Is Your Website Compliant? New Law From 23rd September

Sep 21, 2020

Written by

Written by
Caitlin McCann

Written by
Caitlin McCann

It’s estimated that at least 1 in 5 people in the UK have a long-term illness, disability or impairment.

Due to a new legislation coming into effect on 23rd September 2020, all public sector websites and apps must be accessible and meet the basic needs for those with disabilities.
This includes taking into consideration those with impaired hearing, blind or partially sighted, motor disabilities, cognitive impairments and learning disabilities when it comes to your sites user experience and design.

Why Is This Important?

Many disabled people have no choice but to use public sector websites and fall into the category of people that depend on them the most. Therefore, it’s important that every disabled person can use one with ease. Millions of people currently miss out on getting the help and information they need due to websites lack of assistive features.

In addition to those with disabilities, assistive technology would also help the elderly population feel more confident using online services by introducing clear navigation, readable text, and audio options.
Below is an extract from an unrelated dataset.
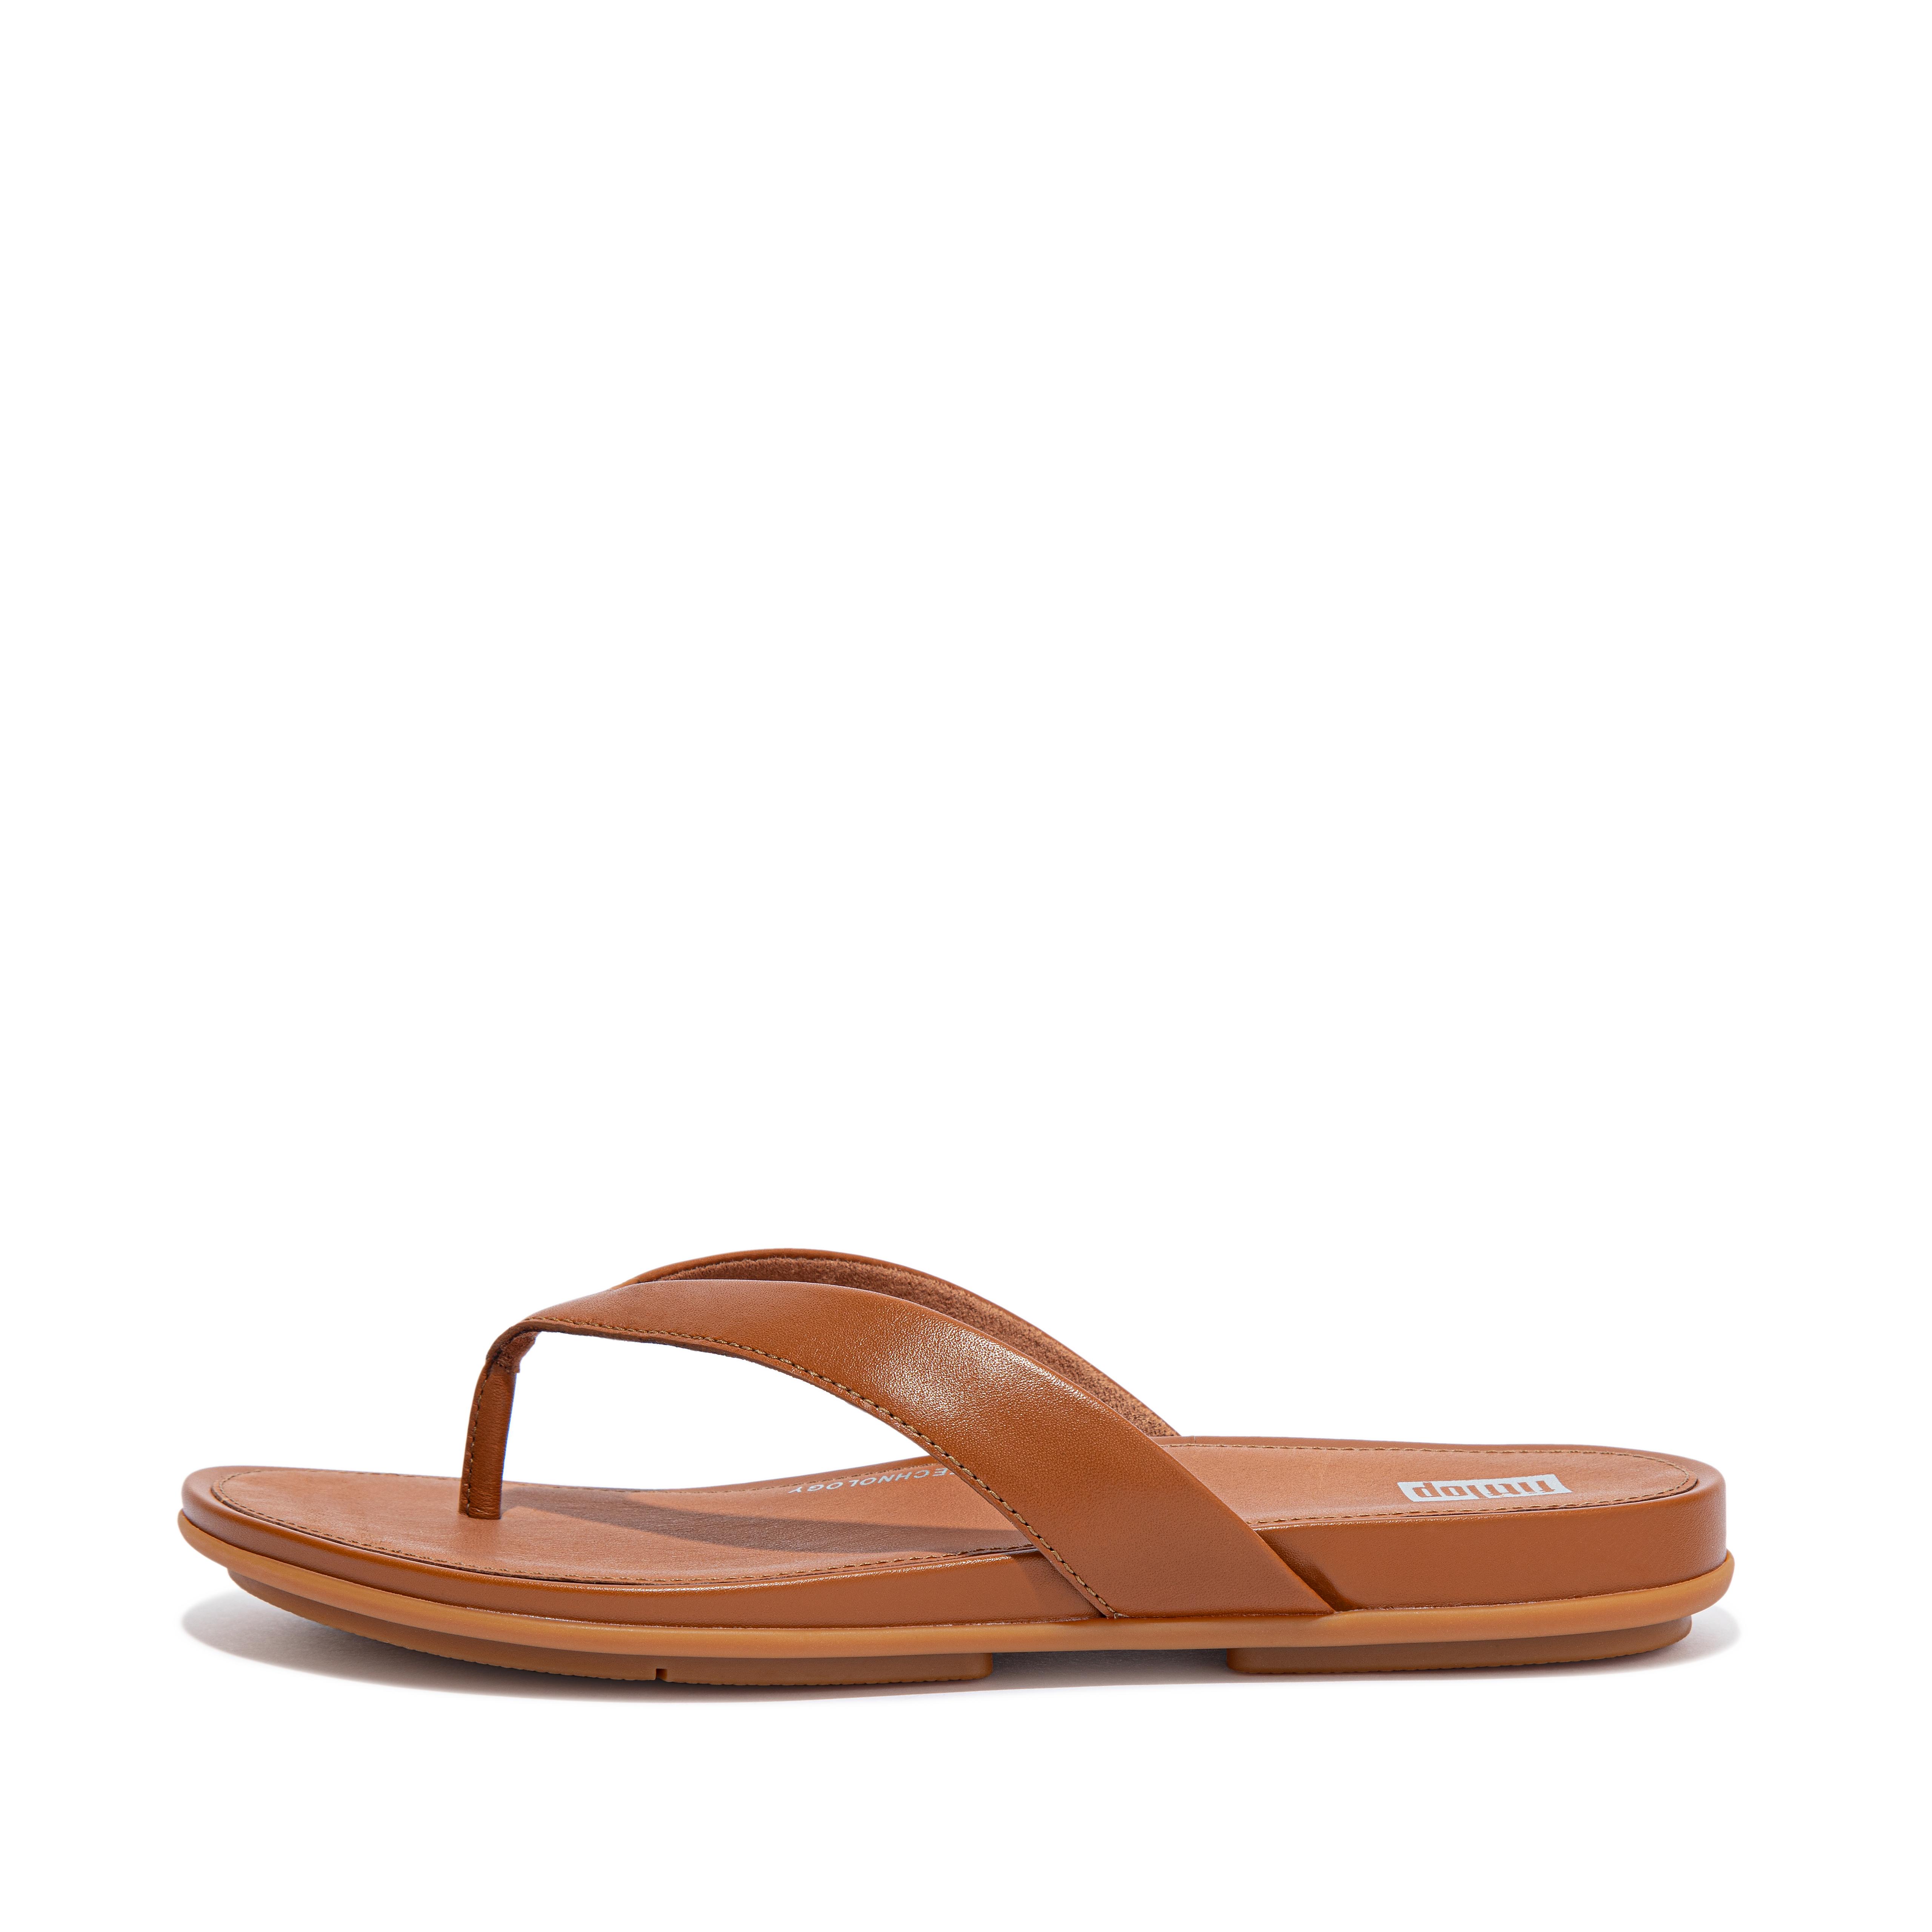 Fitflop Leather Flip-Flops,Light Tan

How Can I Make My Website Disability Friendly?

There are many ways that you can make your website accessible for disabled people. Here are just a few practical changes you can make.

For blind/visually impaired
Many blind or visually impaired individuals will use software which transfers words from the screen into audio feedback, or to an electronic braille device. The software cannot extract text from infographics, videos, or downloadable documents such as PDFs, so it’s important to take this into consideration when adding content to your site.
Adding “alt text” to every image is also important to ensure that the user knows what is being displayed to them. And vice versa, adding subtitles to video means that every deaf or audio impaired person can engage with the content.

Giving users the option to zoom in or use a magnifying tool will also improve usability for those which are partially sighted, as well as voice optimising your site.

Learning difficulties

For those with learning difficulties, reading text heavy content and long words can be confusing. Using basic terminology, clear formatting and clear navigation will improve their user experience.

Motor skill disabilities
An individual with a motor skill disability can have problems maintaining posture and controlling hand movements. These persons may have extra difficulty using a mouse and rely on websites that have easy navigation buttons and respond well to keyboard strokes, so it’s important for your website developer to take note of this when developing the site.
Like visually impaired people, those with motor skill difficulties also benefit from Google’s voice search function.

In What Instances Would This New Regulation Not Apply To Me?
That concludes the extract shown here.